Joel Beck, Alexander Beatty, and Paul Sackett responded in 2014 with a careful methodological critique. Their key demonstration was that sampling from only the upper tail of a normal distribution - which is precisely what populations of elite researchers, athletes, and entertainers are - produces highly skewed data even when the underlying distribution is perfectly normal. The apparent power law may be a property of sample selection rather than of human capability.

Nesbitt adds the metric structure argument I described in the opening. Count statistics (publications, home runs) have structural properties - bounded at zero, unbounded above, shaped by opportunity - that generate skew regardless of the underlying ability distribution. When you normalise for those structural features, the skew largely disappears.

I find both the Beck et al. and Nesbitt arguments convincing. But I want to add a third layer, which neither addresses: the sample that organisational performance management is observing is not the kind of sample from which distributional conclusions can reliably be drawn.

The sample you cannot see

Here is the problem in its simplest form. Any claim about the distribution of performance within a firm implicitly assumes that the employees you are observing constitute a meaningful sample from the population you care about. They do not. They are the survivors of at least four sequential selection processes, each applied with substantial measurement error, each systematically biasing who remains.

Stage 1: Selection at entry. The firm applies a selection procedure to an applicant pool. Even a good one - a procedure with validity around 0.40, which is high by real-world standards - leaves substantial error. The hired cohort is range-restricted: those below the selection threshold are absent. That threshold is itself applied to a noisy score, so some of the people below the threshold in terms of true capability were hired anyway, and some above it were not. From the first day of employment, the in-firm distribution is not a random draw from the labour market. But it is also not a pure ‘sampling from the upper tail’ because you have the measurement error of selection.

Stage 2: Differential voluntary attrition. Workers leave at different rates correlated with their ability. High-capability employees have more outside options - their ability is visible to other employers through the labour market signalling process - and so they leave at higher rates. But there is a second, subtler mechanism at work that I have observed consistently in organisations, especially those with structured bonus programmes. Employees join with expectations about their career trajectory: not just their starting salary but the expected value of their development over time, discounted for risk. When the firm’s annual signals - the rating, the bonus allocation - fall short of those expectations, the employee updates their belief about whether this firm will help them develop as they hoped. If the gap is large enough, they start looking elsewhere.

This second mechanism has a particularly perverse interaction with measurement error. Under the first mechanism, the people who leave are genuinely high-ability - the firm loses people it wants to keep, but at least the cause is structural (the market). Under the second mechanism, the people who leave are those who received signals below their expectations. With imperfect measurement, that includes high-ability employees who were rated low through inter-rater noise. The firm does not know these were its best performers, because the rating that prompted them to leave was itself wrong. Meanwhile, lower-ability employees who were fortunate enough to receive inflated ratings stay longer than they should, because the firm’s signal confirmed their self-assessment.

Stage 3: Performance management out. Firms explicitly remove workers at the lower end of their performance distribution. Probationary dismissals, performance improvement plans, and redundancy selection all systematically truncate the lower tail. The criterion used is measured performance - which, as I will show in the simulation, carries a noise component that is roughly as large as the true signal. Some genuinely low-performing employees are removed correctly. Some higher-performing employees who received a bad rating in a bad year are removed incorrectly. The resulting sample is not “everyone above the true performance threshold.” It is everyone above a noisy, error-prone estimate of that threshold.
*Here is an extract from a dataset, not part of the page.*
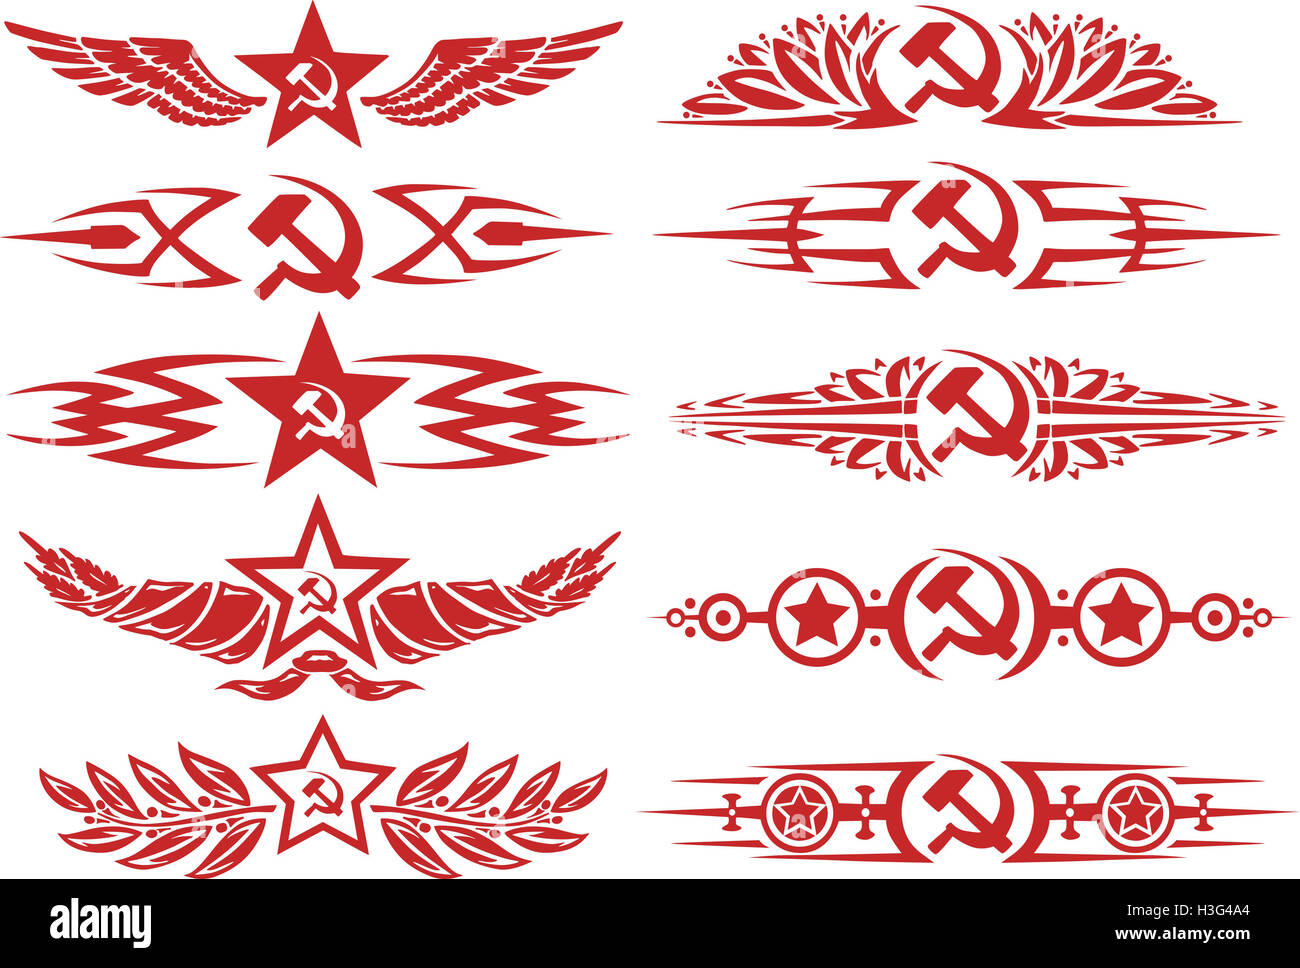 Satz von rot sowjetischen dekorativen typografische Vignetten und Tattoos  mit Sternen, Sichel und Hammer und andere sowjetische Symbole  Stockfotografie - Alamy

Stage 4: Retention interventions. Firms apply retention tools - above-market pay, bonus guarantees, high-visibility assignments - disproportionately to employees they believe are high performers. Those beliefs are, again, based on measured performance. So the upper tail of the distribution is partially rebuilt through a process that has the same measurement error as everything else.

After five years of this, the distribution of performance ratings in a firm reflects something that is genuinely complex: the joint operation of market dynamics, firm policies, and measurement error on whatever the true underlying distribution is. James Heckman won the Nobel Prize in Economics in 2000 partly for developing formal methods to correct for this kind of endogenous sample selection. His point was that estimates from selected samples are biased in ways that are not visible from within the sample itself - you cannot identify the selection bias from the selected data alone. That applies directly to performance distributions.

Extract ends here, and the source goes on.